Meantime, other threats remain, including a court challenge to DACA. Created via executive order by Obama in 2012, the program offered some 800,000 immigrants who came to the United States as undocumented minors two years of protection from immediate deportation. It also gave them access to Social Security cards and driver’s license, permits to work here legally, and required them to renew their status every two years.

In September, 2017, the Trump administration abruptly cancelled DACA, calling it illegal. But after 15 state attorneys general sued, including New Jersey’s, the Supreme Court ruled last June that the Trump administration had acted illegally in quashing the program.

Still, another case, pending in federal court in Texas, challenges the legality of DACA’s inception. An adverse ruling would affect a “significant number” of Red Bank residents, many well into adulthood, Perez Hernandez has said.

She said she worries about all of America’s undocumented immigrants, no matter their age or how long they’ve been here, “and to me, the job is never going to be done until we get full reform for 11 million people…

“The day that I have citizenship papers in my hand, and so does the rest of my community, that’s the day I get to say, ‘it’s been a good ride, and I’m done,'” she said.

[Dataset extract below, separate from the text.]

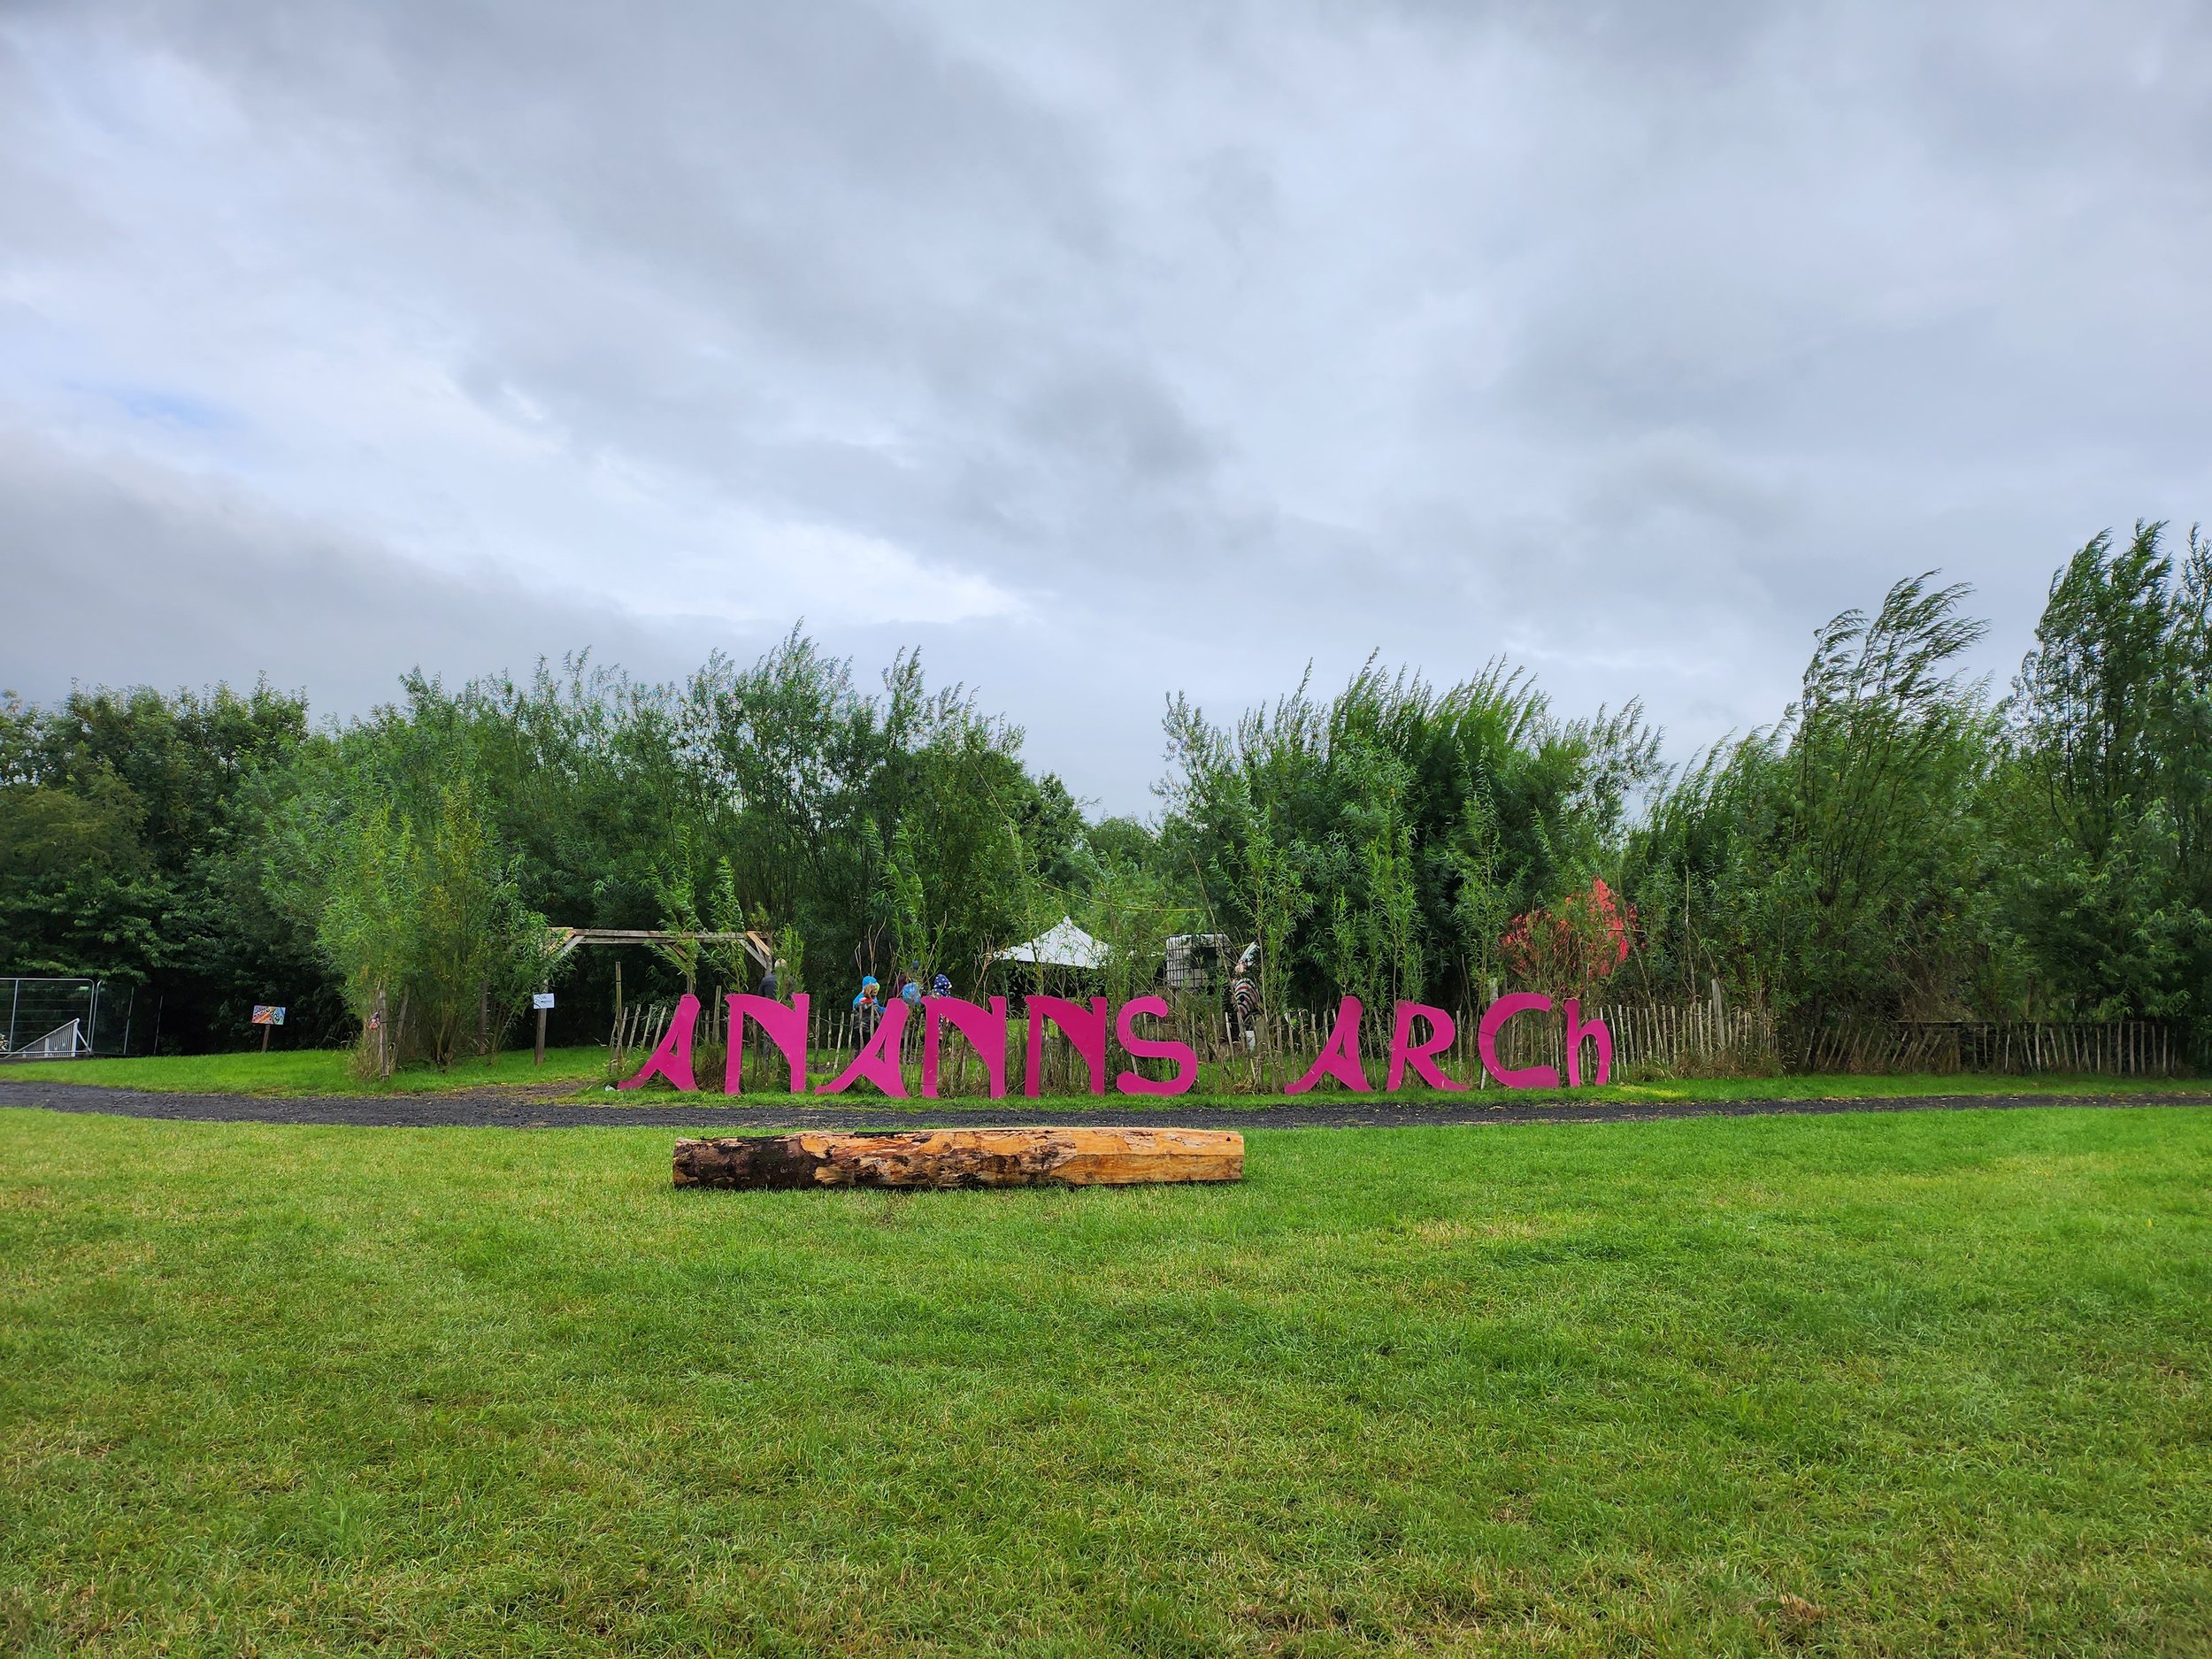 Anann's Arch Sign

But many members of the immigrant community are clearly of the belief that “it’s night and day: if I’m a law-abiding person and pay my taxes, they’re not going to come find me in the middle of the night, which is definitely not how they felt during the Trump administration,” said Perez Hernandez,

She believes too many are wearing “rose-colored glasses” about the Biden presidency, she said, “and that’s kind of a double-edged sword for someone like me, whose job it is to inform them. I am glad that people feel this president isn’t going to persecute us, because that’s what it feels like… but unfortunately it is my job to tamper down expectations. That if we are going to see a citizenship bill that they want just as much I want, then we must show up” to be heard, she said.

What signs are the women looking for?

“If the Biden Administration starts giving TPS [Temporary Protected Status] and DACA recipients a path to citizenship, then that’s how I’ll know, OK, things are going to change,” said Perez Hernandez.

But Biden needs to go beyond that, and offer protection and a route to citizenship for immigrants who don’t fit what Perez Hernandez calls “the acceptable narrative,” she said.

“I would give a surprising amount of credit if they put forth something that included people who are not ‘the ideal immigrant,’ the ones who didn’t go to Harvard,” she said. “My mom’s not going to become a doctor, ever, but she is my mother and she is worthy of protection.”